Introductory example to ensemble models#

This first notebook aims at emphasizing the benefit of ensemble methods over simple models (e.g. decision tree, linear model, etc.). Combining simple models result in more powerful and robust models with less hassle.

We will start by loading the california housing dataset. We recall that the goal in this dataset is to predict the median house value in some district in California based on demographic and geographic data.

Note

If you want a deeper overview regarding this dataset, you can refer to the Appendix - Datasets description section at the end of this MOOC.

from sklearn.datasets import fetch_california_housing

data, target = fetch_california_housing(as_frame=True, return_X_y=True)
target *= 100  # rescale the target in k\$


We will check the generalization performance of decision tree regressor with default parameters.

from sklearn.model_selection import cross_validate
from sklearn.tree import DecisionTreeRegressor

tree = DecisionTreeRegressor(random_state=0)
cv_results = cross_validate(tree, data, target, n_jobs=2)
scores = cv_results["test_score"]

print(f"R2 score obtained by cross-validation: "
f"{scores.mean():.3f} ± {scores.std():.3f}")

R2 score obtained by cross-validation: 0.354 ± 0.087


We obtain fair results.

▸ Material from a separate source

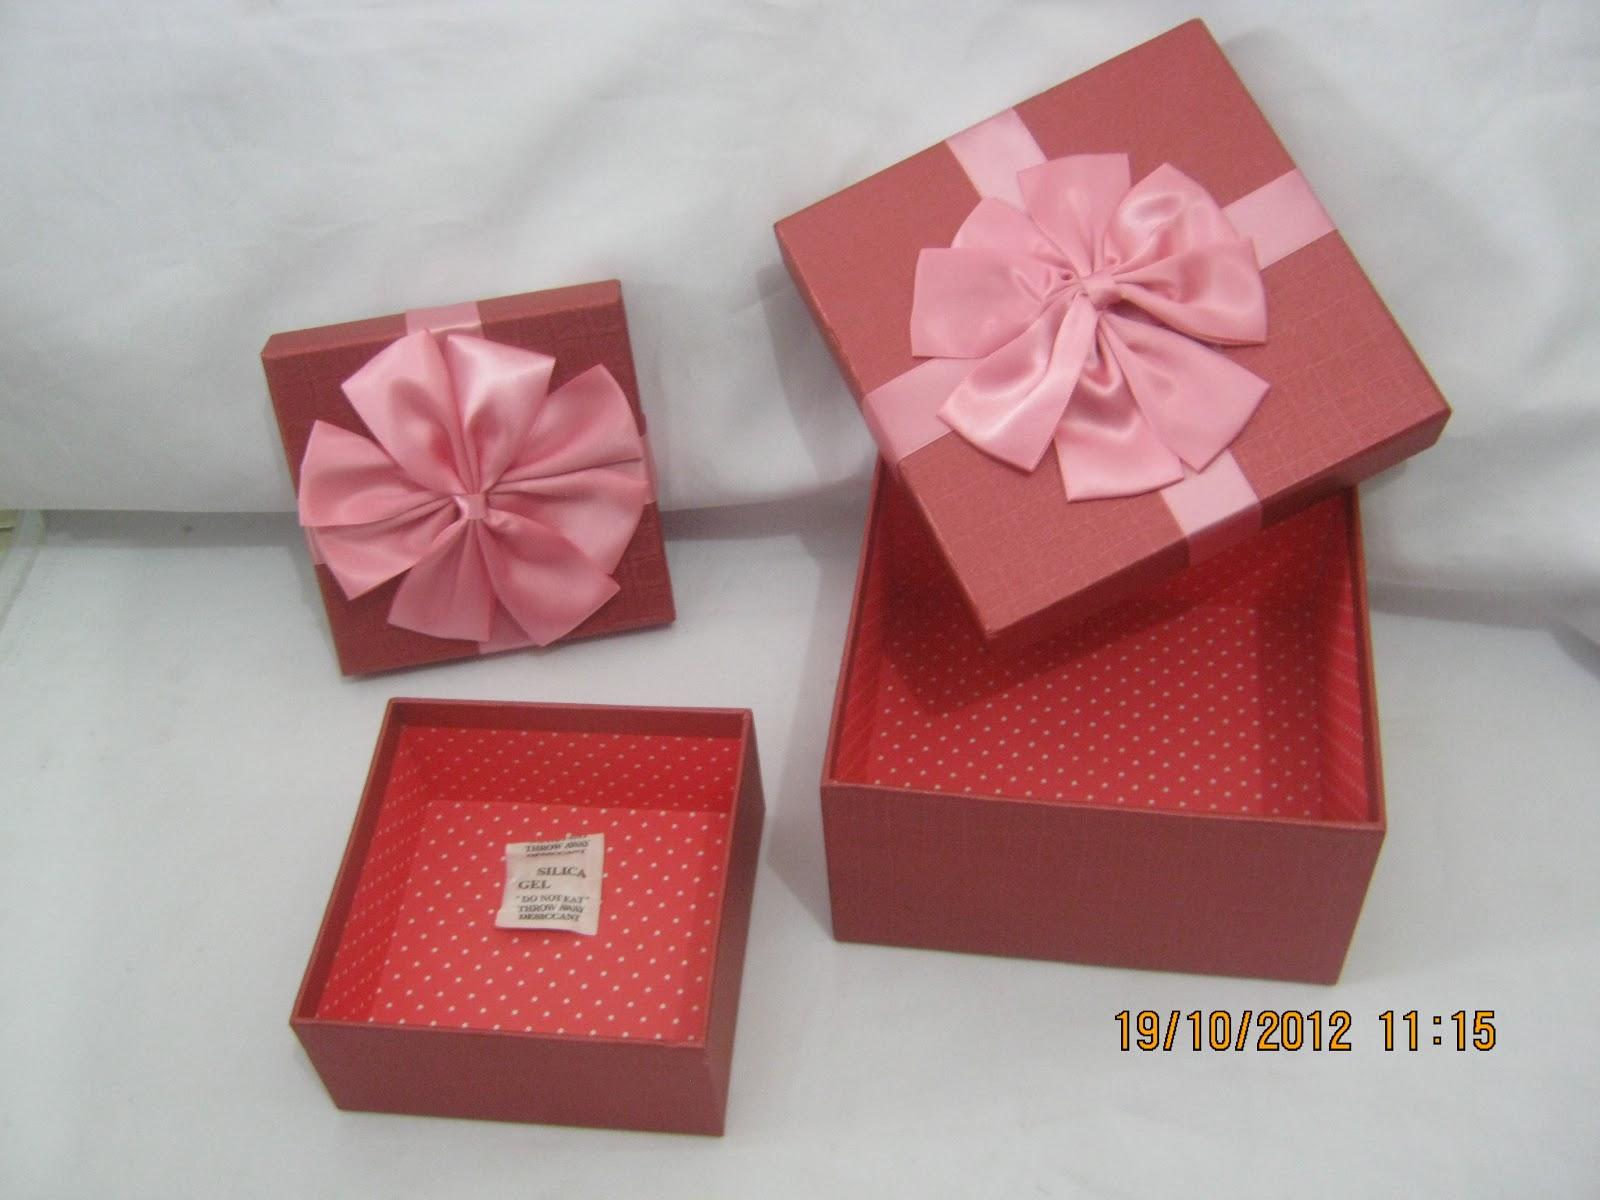 Singapore Gift Boxes: January 2013

However, as we previously presented in the “tree in depth” notebook, this model needs to be tuned to overcome over- or under-fitting. Indeed, the default parameters will not necessarily lead to an optimal decision tree. Instead of using the default value, we should search via cross-validation the optimal value of the important parameters such as max_depth, min_samples_split, or min_samples_leaf.

We recall that we need to tune these parameters, as decision trees tend to overfit the training data if we grow deep trees, but there are no rules on what each parameter should be set to. Thus, not making a search could lead us to have an underfitted or overfitted model.

Now, we make a grid-search to tune the hyperparameters that we mentioned earlier.

%%time
from sklearn.model_selection import GridSearchCV
from sklearn.tree import DecisionTreeRegressor

param_grid = {
"max_depth": [5, 8, None],
"min_samples_split": [2, 10, 30, 50],
"min_samples_leaf": [0.01, 0.05, 0.1, 1]}
cv = 3

tree = GridSearchCV(DecisionTreeRegressor(random_state=0),
param_grid=param_grid, cv=cv, n_jobs=2)
cv_results = cross_validate(tree, data, target, n_jobs=2,
return_estimator=True)
scores = cv_results["test_score"]

print(f"R2 score obtained by cross-validation: "
f"{scores.mean():.3f} ± {scores.std():.3f}")

R2 score obtained by cross-validation: 0.523 ± 0.107
CPU times: user 7.63 ms, sys: 11.7 ms, total: 19.3 ms
Wall time: 16.3 s


We see that optimizing the hyperparameters will have a positive effect on the generalization performance. However, it comes with a higher computational cost.

We can create a dataframe storing the important information collected during the tuning of the parameters and investigate the results.

Now we will use an ensemble method called bagging. More details about this method will be discussed in the next section. In short, this method will use a base regressor (i.e. decision tree regressors) and will train several of them on a slightly modified version of the training set. Then, the predictions of all these base regressors will be combined by averaging.

Here, we will use 20 decision trees and check the fitting time as well as the generalization performance on the left-out testing data. It is important to note that we are not going to tune any parameter of the decision tree.

%%time
from sklearn.ensemble import BaggingRegressor

base_estimator = DecisionTreeRegressor(random_state=0)
bagging_regressor = BaggingRegressor(
base_estimator=base_estimator, n_estimators=20, random_state=0)

cv_results = cross_validate(bagging_regressor, data, target, n_jobs=2)
scores = cv_results["test_score"]

print(f"R2 score obtained by cross-validation: "
f"{scores.mean():.3f} ± {scores.std():.3f}")

R2 score obtained by cross-validation: 0.642 ± 0.083
CPU times: user 29.2 ms, sys: 1.11 ms, total: 30.3 ms
Wall time: 6.28 s


Without searching for optimal hyperparameters, the overall generalization performance of the bagging regressor is better than a single decision tree. In addition, the computational cost is reduced in comparison of seeking for the optimal hyperparameters.

This shows the motivation behind the use of an ensemble learner: it gives a relatively good baseline with decent generalization performance without any parameter tuning.

Now, we will discuss in detail two ensemble families: bagging and boosting:

• ensemble using bootstrap (e.g. bagging and random-forest);

• ensemble using boosting (e.g. adaptive boosting and gradient-boosting decision tree).